## Task statement:
Return, unaltered, every line from the beginning of the material below up to and including the one with "The New Audi A8 On Aez Steam Aez News".

## Information provided:
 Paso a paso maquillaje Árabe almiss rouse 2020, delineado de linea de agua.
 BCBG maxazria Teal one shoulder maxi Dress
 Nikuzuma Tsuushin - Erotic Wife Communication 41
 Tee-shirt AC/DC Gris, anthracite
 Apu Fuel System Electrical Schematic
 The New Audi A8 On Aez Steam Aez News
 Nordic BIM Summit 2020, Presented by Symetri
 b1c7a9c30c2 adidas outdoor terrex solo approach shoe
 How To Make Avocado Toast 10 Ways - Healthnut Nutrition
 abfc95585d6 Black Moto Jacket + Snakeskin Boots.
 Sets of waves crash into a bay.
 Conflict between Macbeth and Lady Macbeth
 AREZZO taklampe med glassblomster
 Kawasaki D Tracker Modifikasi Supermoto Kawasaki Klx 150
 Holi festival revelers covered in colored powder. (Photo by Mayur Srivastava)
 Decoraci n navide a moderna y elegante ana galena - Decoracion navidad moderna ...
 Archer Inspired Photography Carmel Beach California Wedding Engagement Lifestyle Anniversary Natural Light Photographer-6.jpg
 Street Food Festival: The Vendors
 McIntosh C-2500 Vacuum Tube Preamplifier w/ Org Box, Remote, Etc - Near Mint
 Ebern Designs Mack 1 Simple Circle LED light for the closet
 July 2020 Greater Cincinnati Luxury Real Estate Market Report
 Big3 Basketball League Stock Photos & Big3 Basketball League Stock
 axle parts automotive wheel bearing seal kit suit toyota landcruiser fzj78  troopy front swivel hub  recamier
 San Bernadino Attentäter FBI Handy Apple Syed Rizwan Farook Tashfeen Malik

## Solution to the problem:
 Paso a paso maquillaje Árabe almiss rouse 2020, delineado de linea de agua.
 BCBG maxazria Teal one shoulder maxi Dress
 Nikuzuma Tsuushin - Erotic Wife Communication 41
 Tee-shirt AC/DC Gris, anthracite
 Apu Fuel System Electrical Schematic
 The New Audi A8 On Aez Steam Aez News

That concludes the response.